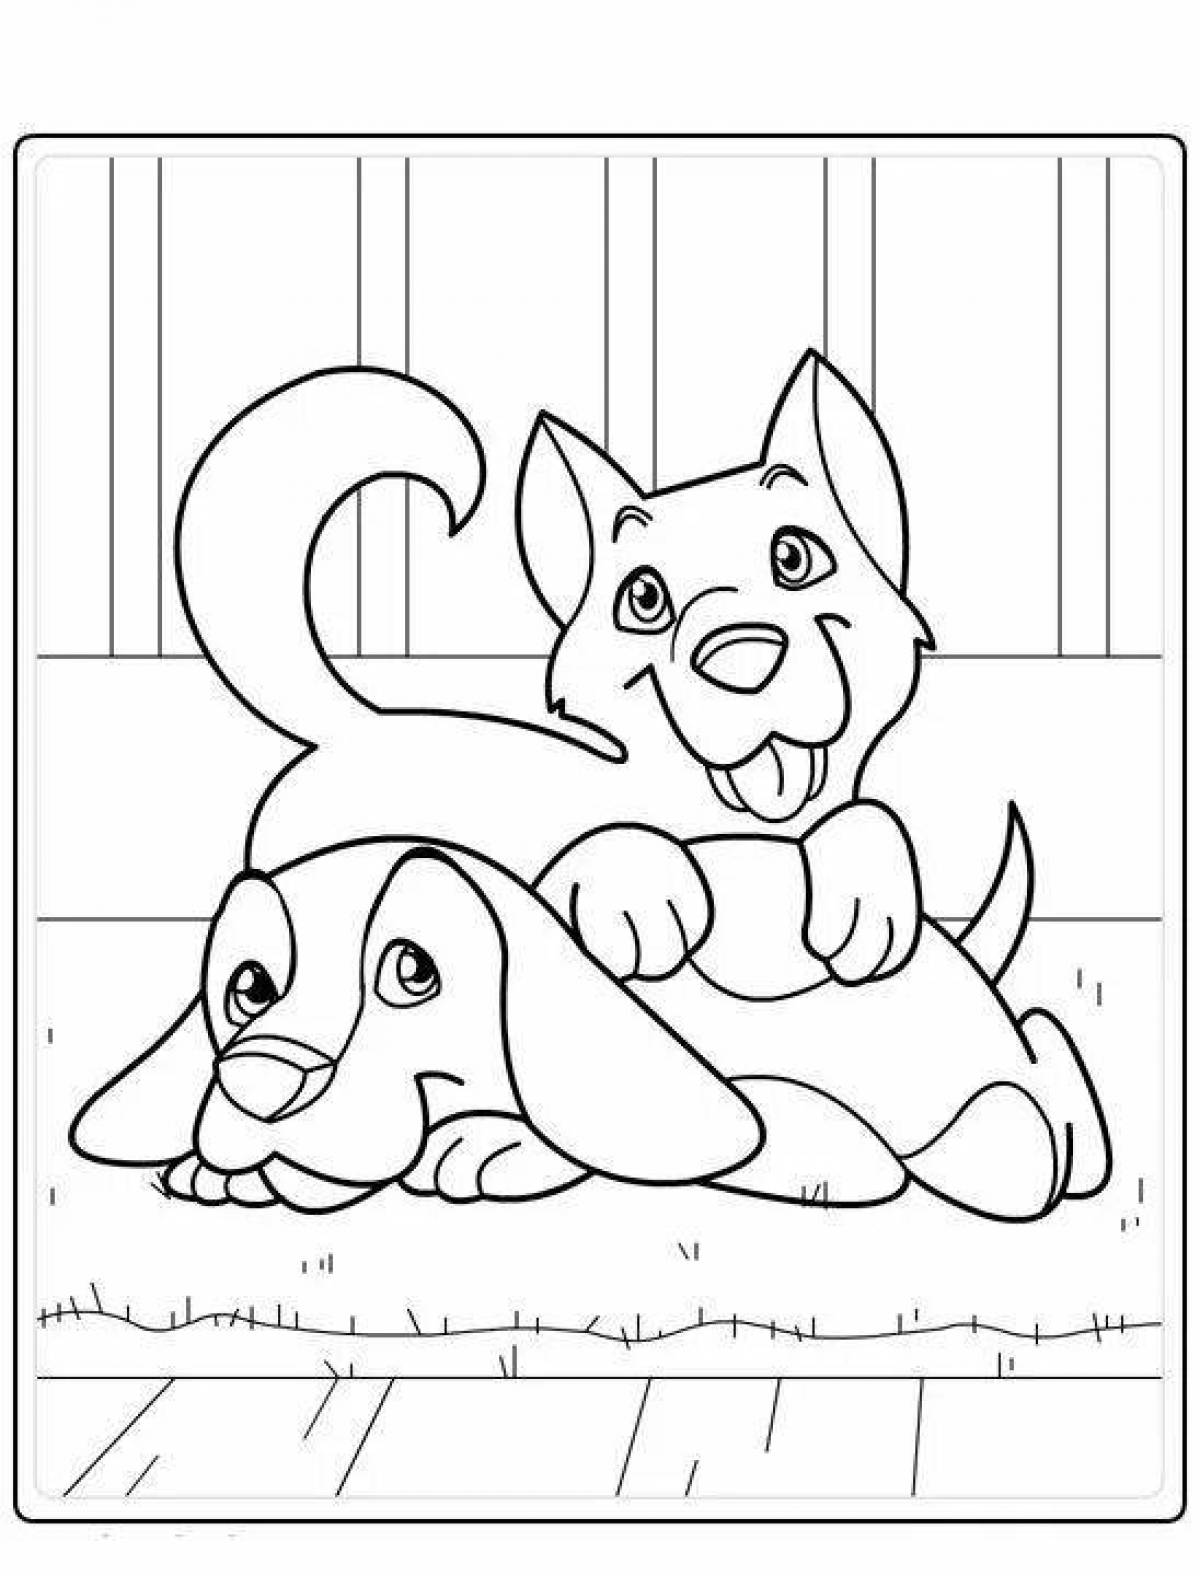 Coloring page affectionate kitten and puppy
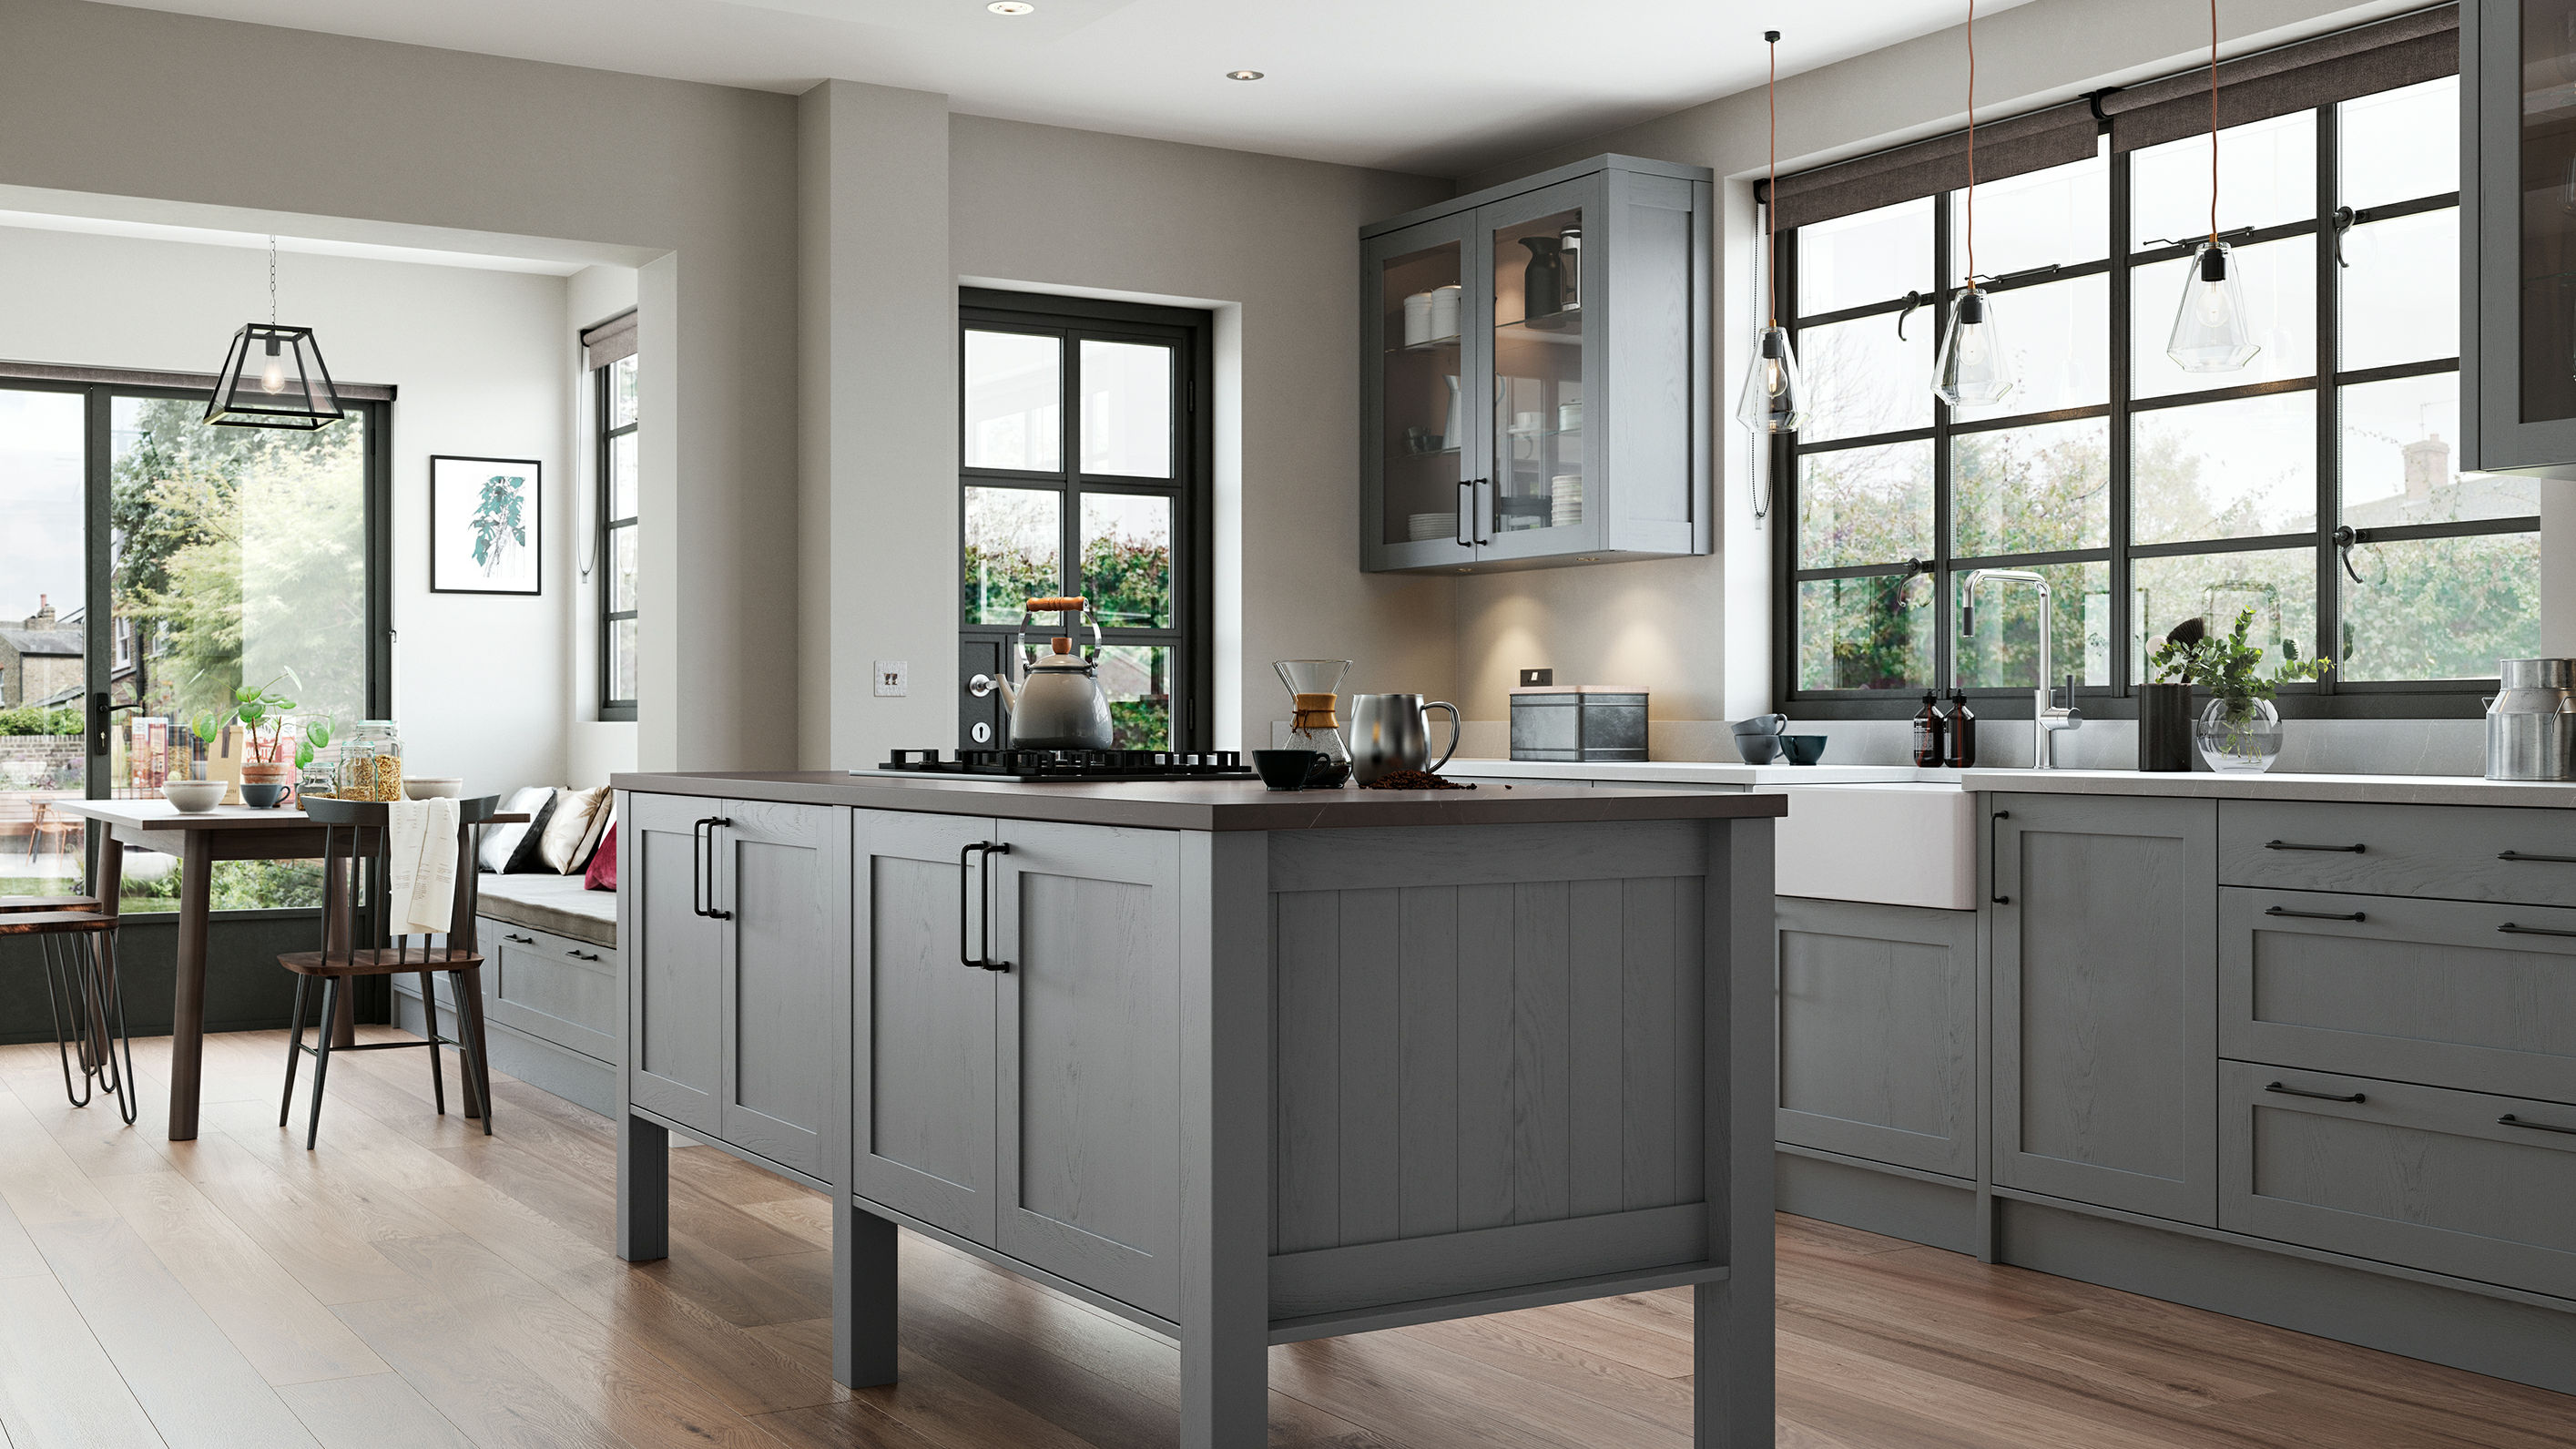 Aldana solid wood dust grey kitchens with exceptional craftsmanship and a stylish, muted grey finish
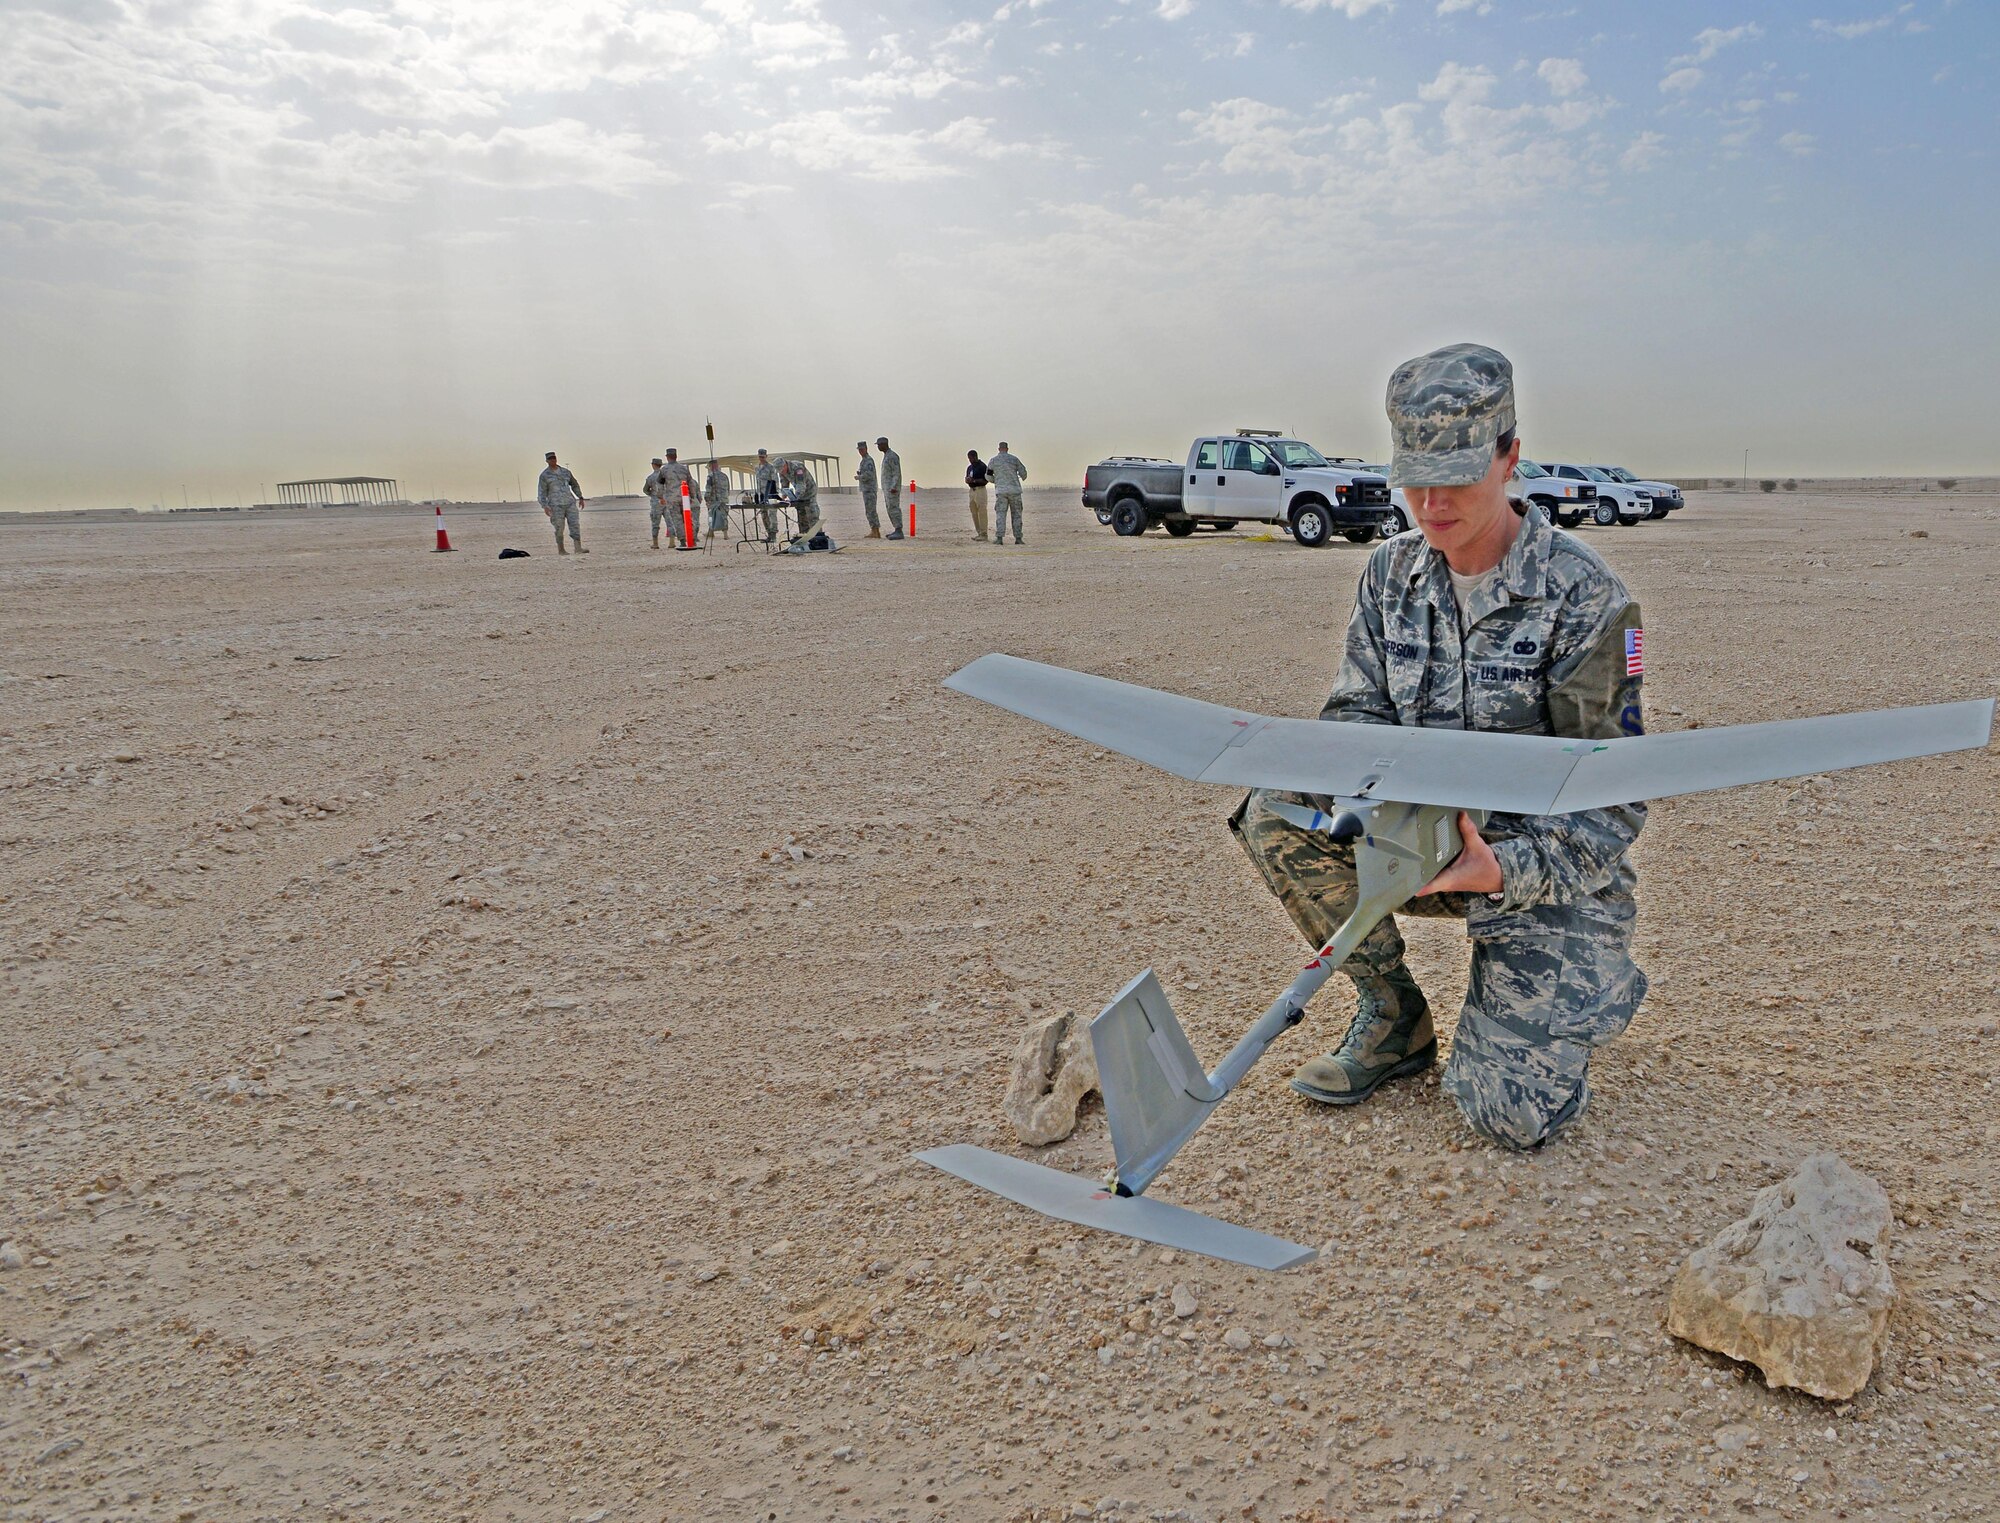 SSgt Elizabeth Henderson, 379th Expeditionary Security Forces Squadron, conducts pre-flight checks for an R-11B Raven at Al Udeid Air Base, Qatar, March 4, 2015, before an aerial demonstration for senior Qatari Air Force and 379th Air Expeditionary Wing leaders.  The RQ-11 Raven is a lightweight unmanned aircraft system that’s designed for rapid deployment and high-mobility for military operations. At Al Udeid, security forces Airmen use the Raven to support anti-terrorism measures like day or night aerial intelligence, surveillance, target acquisition, and reconnaissance. This is the first time since 2005 that the Raven has been used at Al Udeid. (Air Force photo by Master Sgt. Kerry Jackson)

- How to complete this task: The material above should be printed again exactly, with each picture left out.

- Task answer:
 Coloring page affectionate kitten and puppy
 Aldana solid wood dust grey kitchens with exceptional craftsmanship and a stylish, muted grey finish
 SSgt Elizabeth Henderson, 379th Expeditionary Security Forces Squadron, conducts pre-flight checks for an R-11B Raven at Al Udeid Air Base, Qatar, March 4, 2015, before an aerial demonstration for senior Qatari Air Force and 379th Air Expeditionary Wing leaders.  The RQ-11 Raven is a lightweight unmanned aircraft system that’s designed for rapid deployment and high-mobility for military operations. At Al Udeid, security forces Airmen use the Raven to support anti-terrorism measures like day or night aerial intelligence, surveillance, target acquisition, and reconnaissance. This is the first time since 2005 that the Raven has been used at Al Udeid. (Air Force photo by Master Sgt. Kerry Jackson)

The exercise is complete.